Подкормили его, подлечили раны на ногах; наутро собрался в путь, сказал Ушеру:

– Передай сыну своему… Жил на свете человек, который отправился на борьбу с силами нечистоты. Пением очищать вселенную.

– У меня нет сына. Одни дочери.

– Это мы поправим…

Первая в жизни удача – она самая главная: где, когда, у каких родителей появиться на свет. Иоселе родился у Ушера-зеркальщика, к Иоселе пристыла его душа, и Ушер сына баловал, не оставляя просьбы без исполнения.

Иоселе сидел по вечерам на кровати, не укладывал голову на подушку до прихода отца, а Ушер спешил домой, бросая дела с заботами. Сын расстегивал пуговицу на его рубахе, запускал внутрь ладошку, и идише-тате промурлыкивал в наслаждении: «Тридл дидл, дидл дудл, о-ля-ля…» А затем принимался за очередную историю – выдуманную, не совсем выдуманную, совсем невыдуманную, ощущая по шевелению ладошки интерес ребенка, испуг его или восторг. Блюма, жена Ушера, с умилением поглядывала на них, приткнувшихся друг к другу, проговаривала шепотом известное всякому: «Еще больше, чем теленок хочет сосать, корова хочет его кормить». Потом Иоселе засыпал и виделись ему сны легче тени, как по податливым облакам лез на небо, по облакам-перинам, где дожидались его пестрые радости.

Было в один из вечеров. Взялся Ушер за сочинение истории, которая в переложении с киндер-майсе на вундер-майсе, с детского языка на волшебный звучала примерно так:

– Вот рассказ реб Ушера, сына реб Шолема, о маловероятном и неотвратимом, будто ручей в ручье, зеркало в зеркалах… Встал с постели грозный император, выкушал яйцо всмятку, гренки с маслом, запил сладким чаем, сказал министру двора:

– Снился мне нынче некий Шпильман. При пронырливых оборотах. Найти и обезвредить.
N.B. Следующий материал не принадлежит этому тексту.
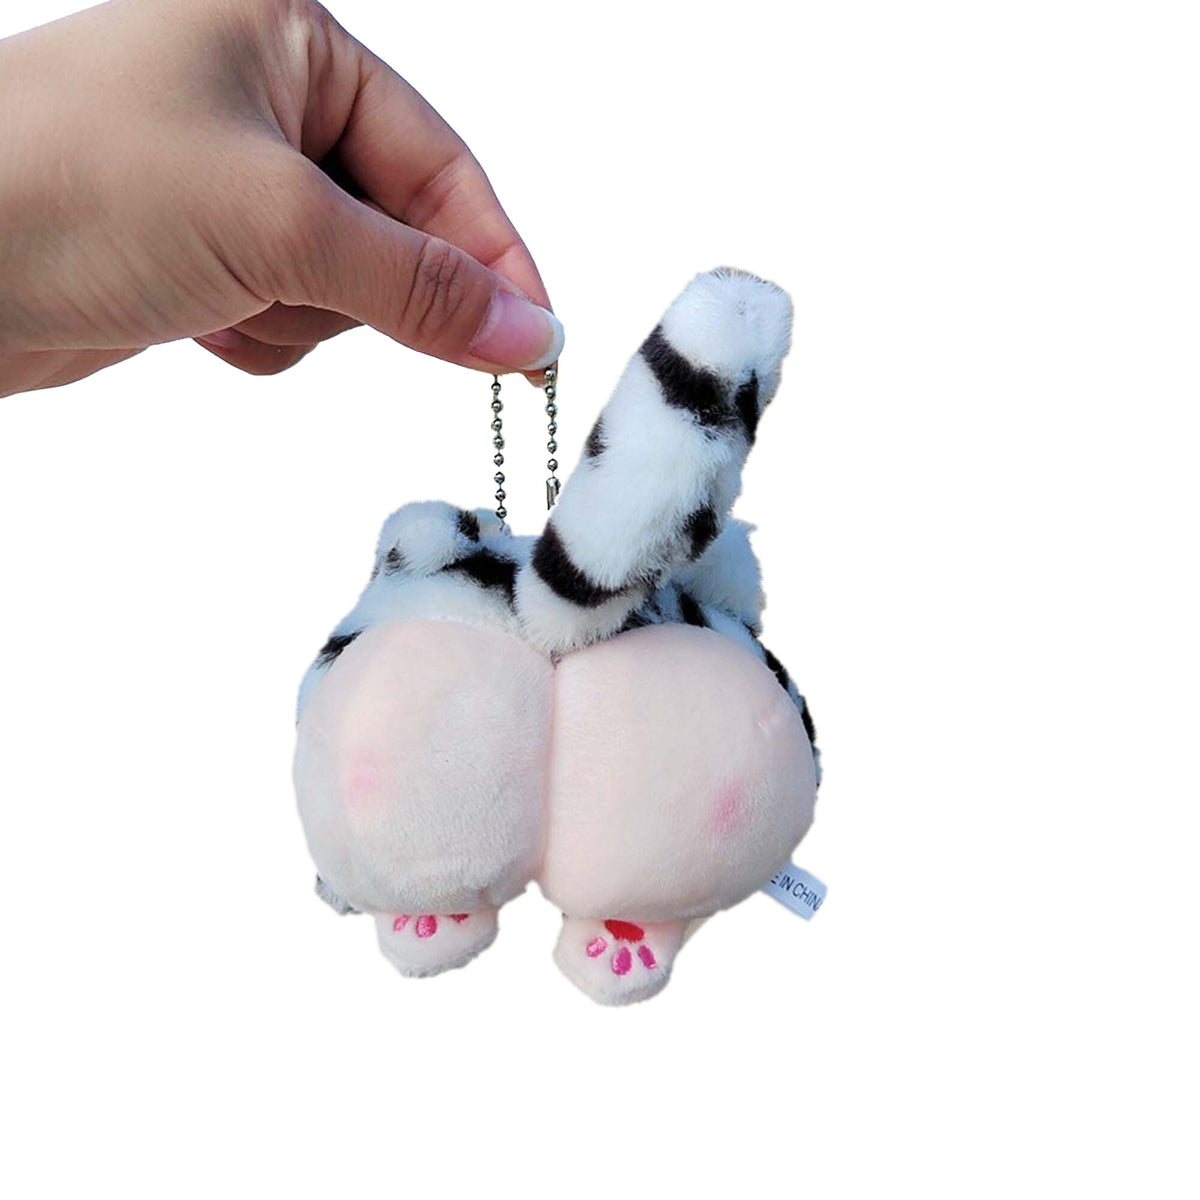 Shenzhen Huiboxin Electronics Co. Ltd Impulse Buying Cute Animal Bum Bum Plush Keychain, White and Black Cat, 1 Count 810120713274

А камердинеры затянули его в мундир – не вздохнуть.

– Ваше императорское величество, не соблаговолите сообщить адрес дерзостного нарушителя?

– Адрес во сне не указан. Обезвредить без адреса.

И приступил к утверждению высочайших рескриптов, дабы привести в любовь и послушание столь пространное государство.

Выпустили секретный указ «Об отвращении вредных для империи поступков…» Разослали по губерниям титулярных советников, перебрали народы по городам и весям, обнаружили 23 тысячи 376 Шпильманов мужского пола старше тринадцати лет, которые отвечали за свои поступки перед земным и небесным правителем.

– Он мне опять снился, – сказал император поутру. – Злокозненный иудей в ермолке, ношение которой не дозволено.

Встал у окна, нахмурил брови – даже живность в лесах охватил трепет, рыб в реках, птиц в поднебесье, а о министре двора и говорить нечего.

– Ваше императорское величество, не соблаговолите раскрыть имя строптивого Шпильмана, дабы прибегнуть к решительным мерам понуждения?

– Имя во сне не упомянуто. Обезвредить без имени.

Разослали по уездам расторопных фельдъегерей, замордовали ямщиков на трактах, чтобы скакали без промедления, доставили в столицу 23 тысячи 376 Шпильманов, каждого допросили с пристрастием, но злоумышленника не обнаружили.

– Он снова мне снился! – в гневе вскричал император. – Премерзейший тип с пейсиками, которые безусловно запрещены!

И топнул ногой в высочайшем гневе, отчего задрожала Австрия, затряслась Франция, а малые страны изукрасились на всякий случай флагами безоговорочного согласия.

– Ваше императорское величество, не соблаговолите отметить особые приметы злодея, вышедшего из границ повиновения?

– Приметы не выказаны. Наказать без примет, и немедля! Не то я тебя, министр двора, погоню с моего двора.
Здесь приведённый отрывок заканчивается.